Michal Šulla

Personal information
- Date of birth: 15 July 1991 (age 34)
- Place of birth: Myjava, Czechoslovakia
- Height: 1.92 m (6 ft 4 in)
- Position: Goalkeeper

Team information
- Current team: Inter Bratislava
- Number: 24

Youth career
- Senica

Senior career*
- Years: Team / Apps / (Gls)
- 2010–2017: Senica / 122 / (0)
- 2010–2012: → Vrbové (loan) / ? / (?)
- 2012: → Spartak Myjava (loan) / 7 / (0)
- 2018–2023: Slovan Bratislava / 34 / (0)
- 2023: Spartak Trnava / 0 / (0)
- 2024: Líšeň / 4 / (0)
- 2024-: Inter Bratislava / 52 / (0)

International career
- 2010: Slovakia U19 / 2 / (0)
- 2011–2013: Slovakia U21 / 8 / (0)
- 2017–2018: Slovakia / 3 / (0)

= Michal Šulla =

Slovak footballer

Michal Šulla (born 15 July 1991) is a Slovak professional footballer who plays as a goalkeeper for Inter Bratislava.

==Club career==

=== Early career ===
Michal Šulla began his career at FK Senica, where he went through various youth categories. In 2010, he fought his way up to the A-team. In 2012, he played for the clubs MFK Vrbové and Spartak Myjava. He made his professional Corgoň Liga debut for Spartak Myjava against Tatran Prešov on 1 September 2012. Myjava won the game 2-0.

=== Slovan Bratislava ===
Thanks to his positive performances in the Senica jersey, he earned a transfer to ŠK Slovan Bratislava in 2018, with the club paying 200 thousand euros for him. Šulla won five titles with the club.

=== Later career ===
On 28 September 2023, he signed for FC Spartak Trnava, but he did not play a single match in their jersey.
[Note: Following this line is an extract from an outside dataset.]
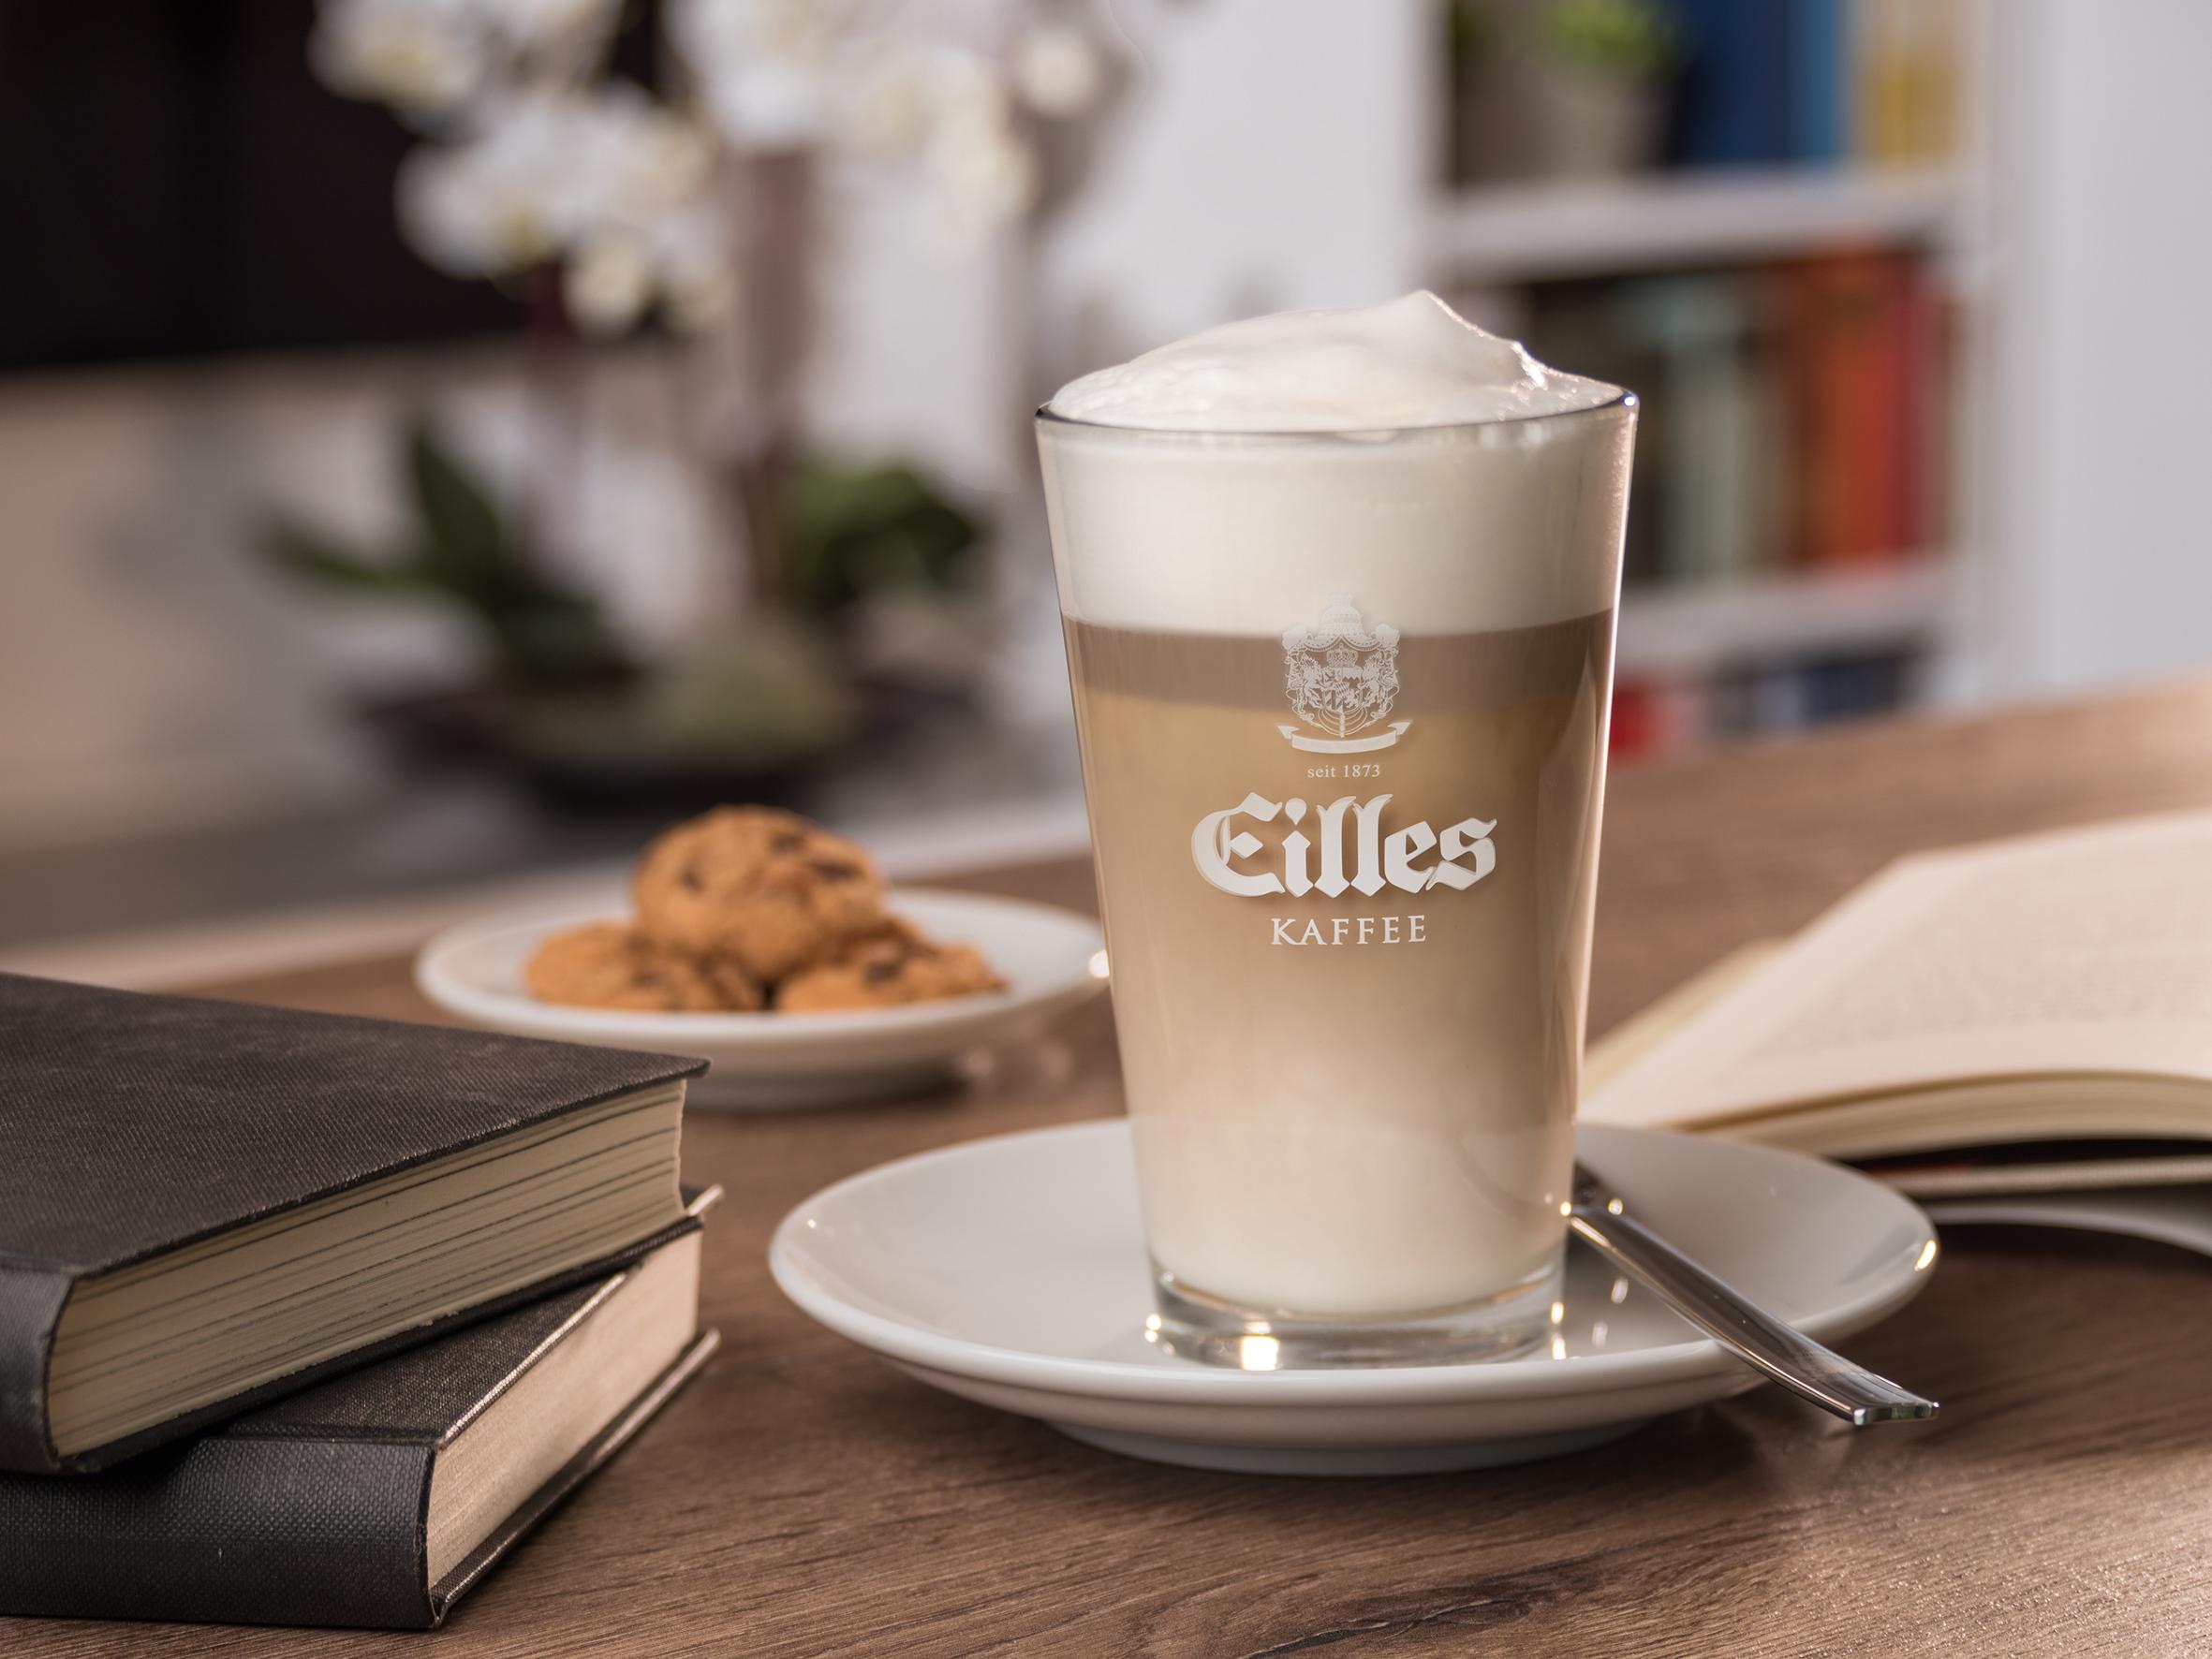 Eilles Kaffee Espresso Eilles Test Bewertung Heißgetränk

On 12 September 2024, it was announced that Šulla would be joining 3. Liga club FK Inter Bratislava.

==International career==
Šulla was called up for two unofficial friendly fixtures in January 2017. He made his debut on 8 January 2017 against Uganda, conceding two goals in the first half - by Moses Oloya (6th minute) and Farouk Miya (14th minute). Slovakia went on to lose 1–3. Šulla did not play in the 0–6 loss against Sweden later that week.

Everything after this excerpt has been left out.